§ Work to be completed
Go through the data below and repeat it exactly, skipping each picture.

§ Provided material
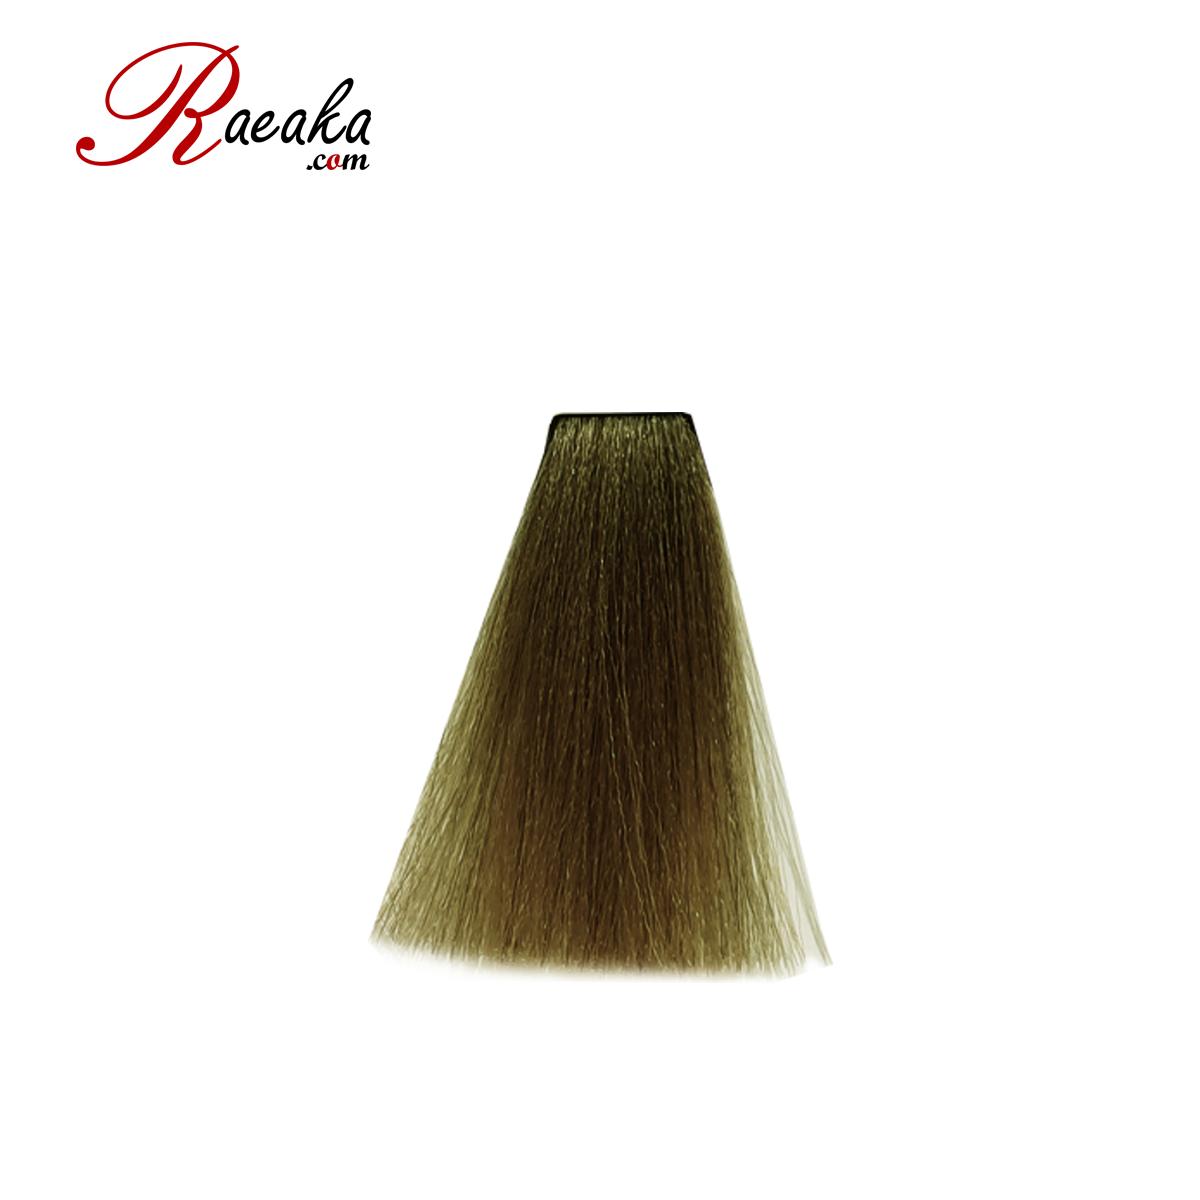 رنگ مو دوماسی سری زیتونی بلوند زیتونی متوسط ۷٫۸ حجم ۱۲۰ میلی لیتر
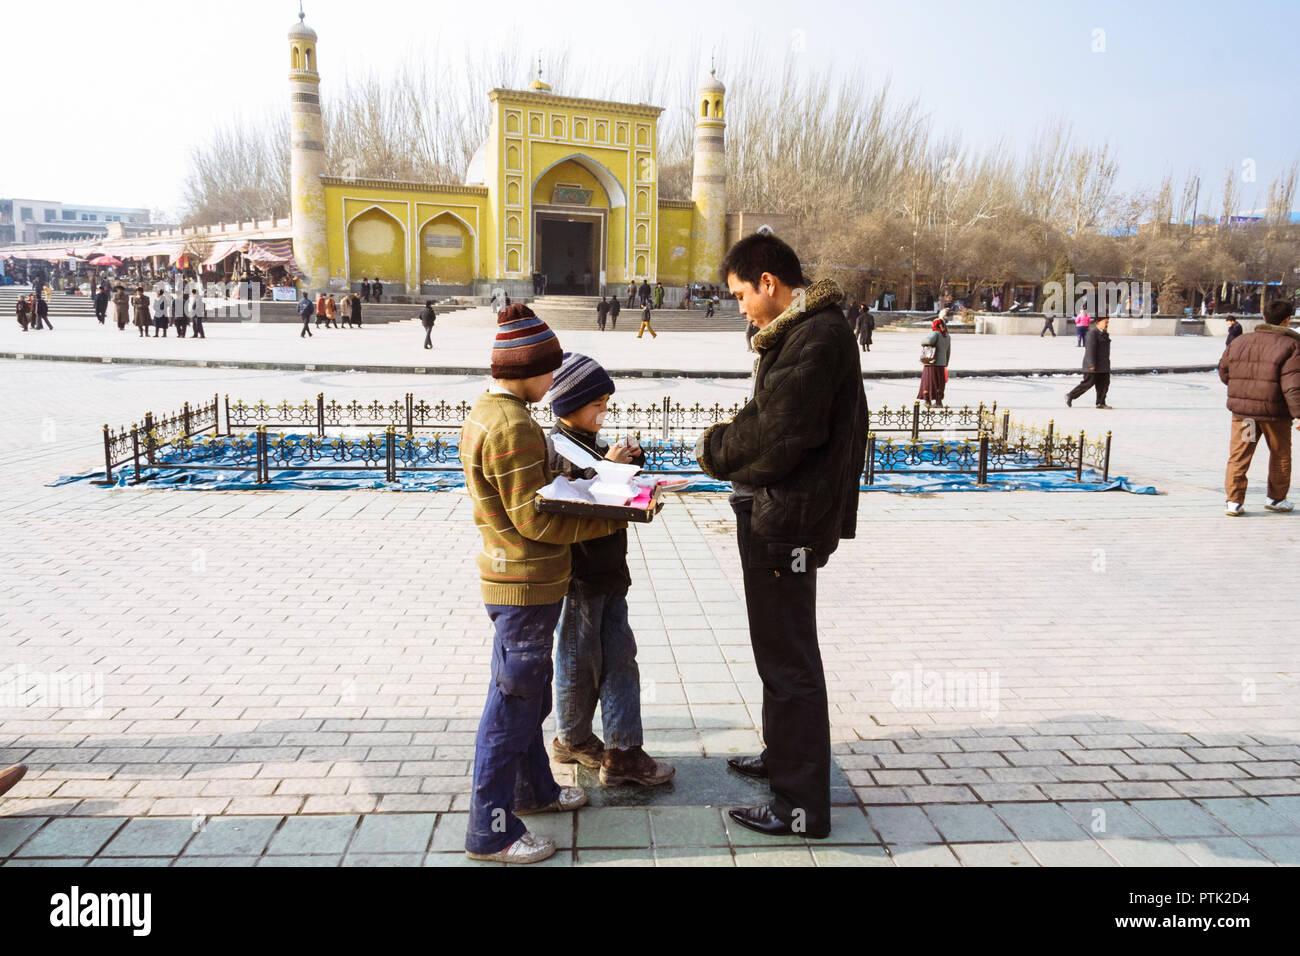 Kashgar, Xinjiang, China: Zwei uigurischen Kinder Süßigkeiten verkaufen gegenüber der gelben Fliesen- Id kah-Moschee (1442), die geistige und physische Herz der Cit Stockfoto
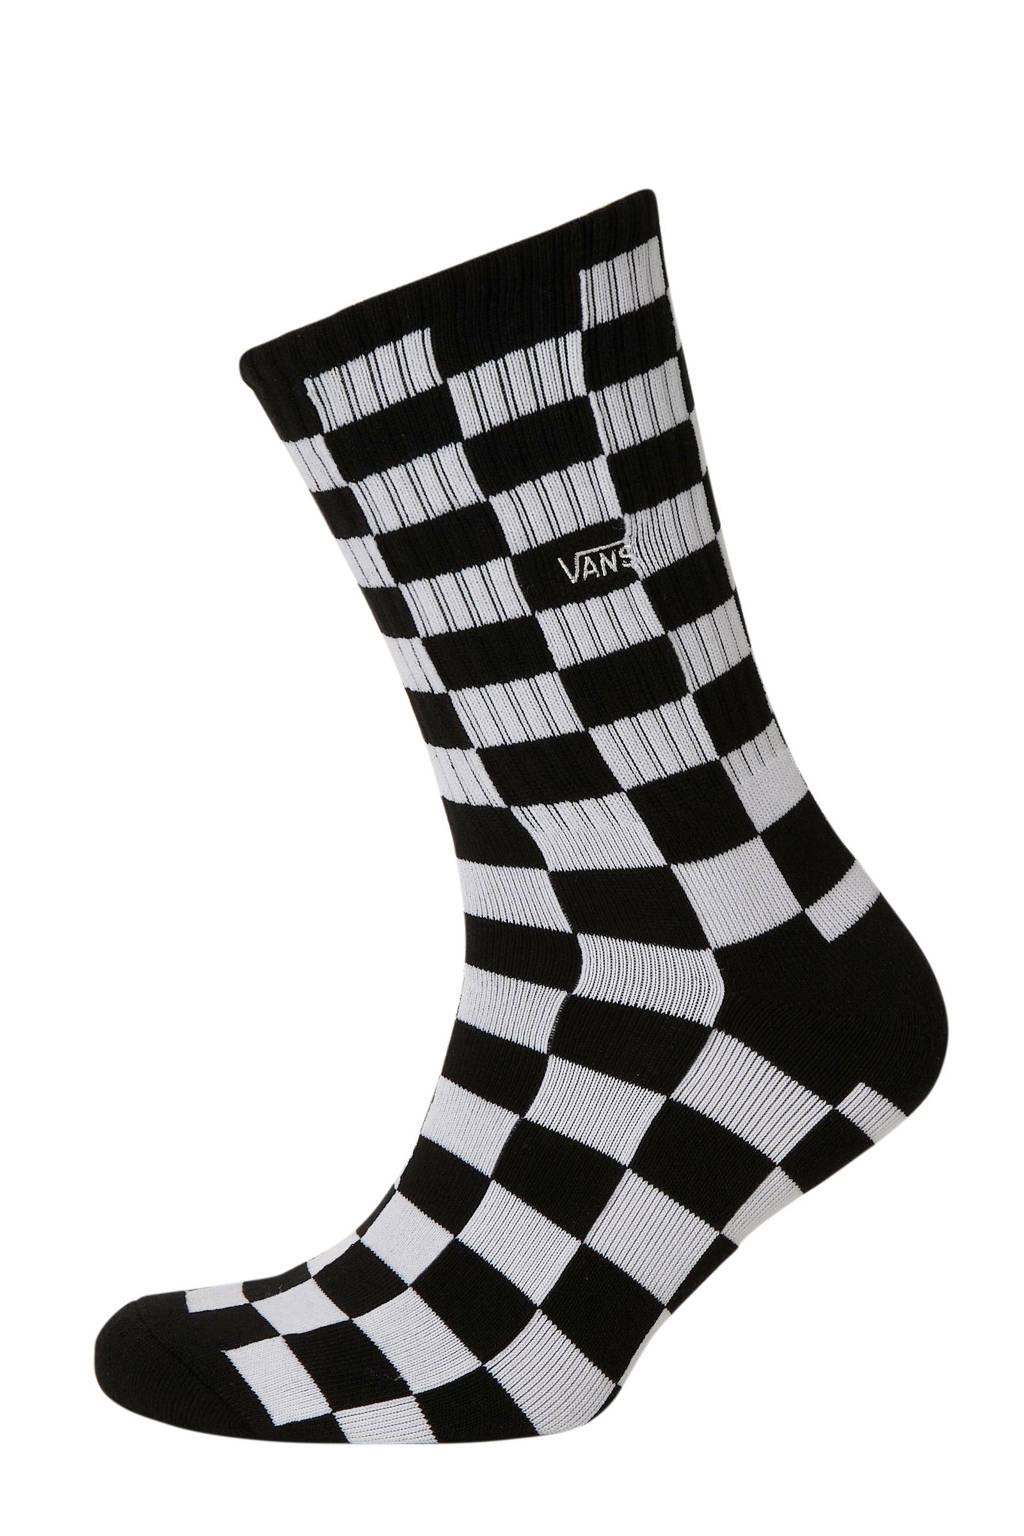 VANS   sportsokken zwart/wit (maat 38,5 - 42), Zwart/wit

§ Exercise solution
 رنگ مو دوماسی سری زیتونی بلوند زیتونی متوسط ۷٫۸ حجم ۱۲۰ میلی لیتر
 Kashgar, Xinjiang, China: Zwei uigurischen Kinder Süßigkeiten verkaufen gegenüber der gelben Fliesen- Id kah-Moschee (1442), die geistige und physische Herz der Cit Stockfoto
 VANS   sportsokken zwart/wit (maat 38,5 - 42), Zwart/wit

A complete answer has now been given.